## Information supplied
________________________

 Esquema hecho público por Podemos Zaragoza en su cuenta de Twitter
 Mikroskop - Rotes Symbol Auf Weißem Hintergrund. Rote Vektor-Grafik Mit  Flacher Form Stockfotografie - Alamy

________________________

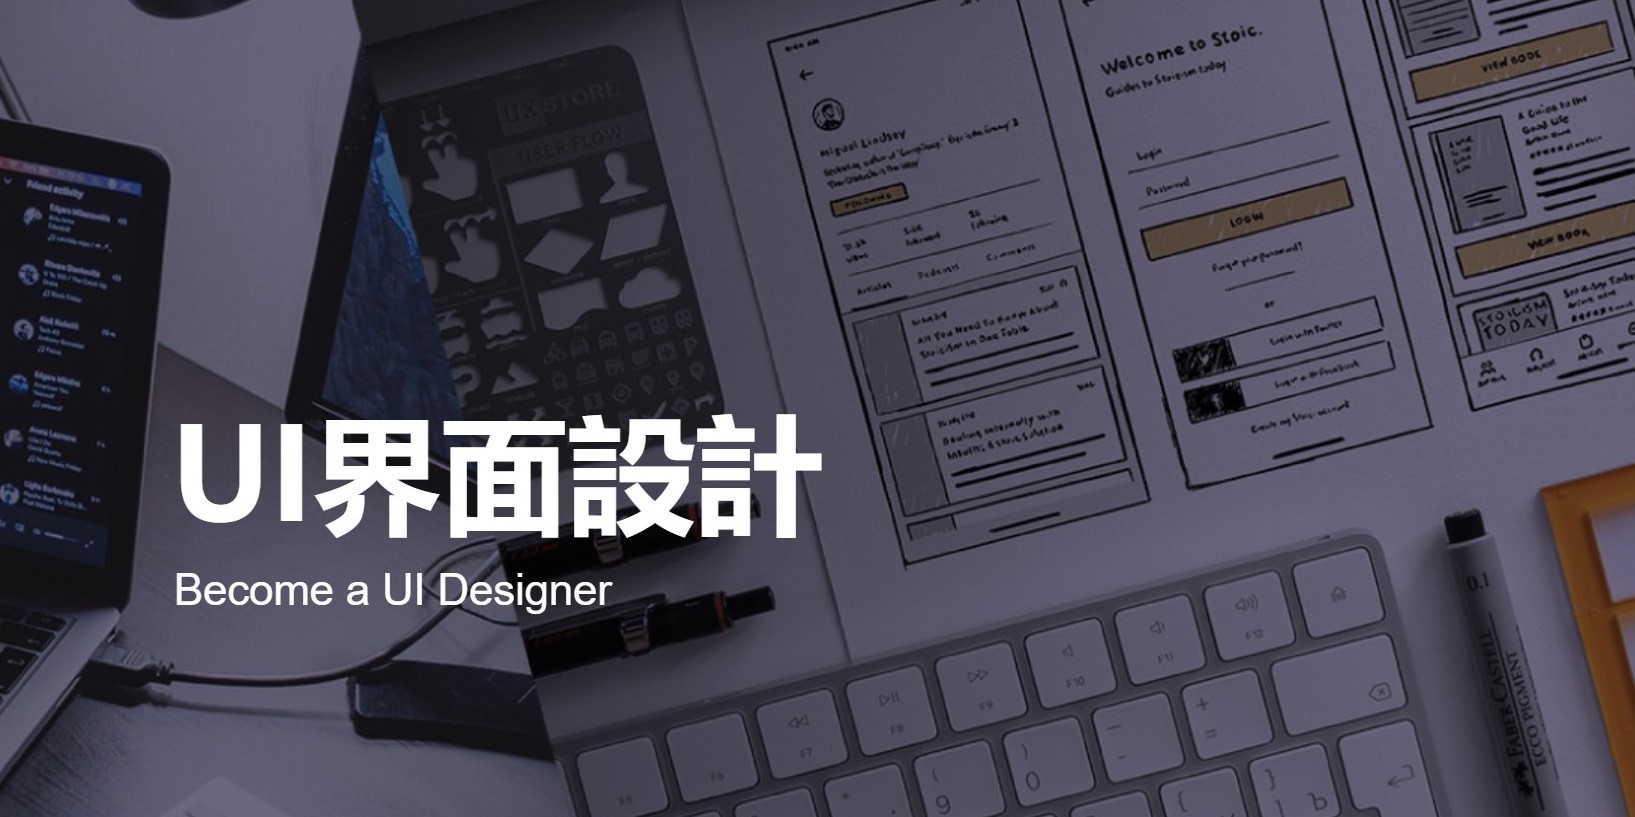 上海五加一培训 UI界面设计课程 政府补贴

________________________

## Your instructions
Every line above from the line with "Esquema hecho público" to the line with "Mikroskop - Rotes", both included, must be reproduced exactly, and no other line may appear.

## Output below
 Esquema hecho público por Podemos Zaragoza en su cuenta de Twitter
 Mikroskop - Rotes Symbol Auf Weißem Hintergrund. Rote Vektor-Grafik Mit  Flacher Form Stockfotografie - Alamy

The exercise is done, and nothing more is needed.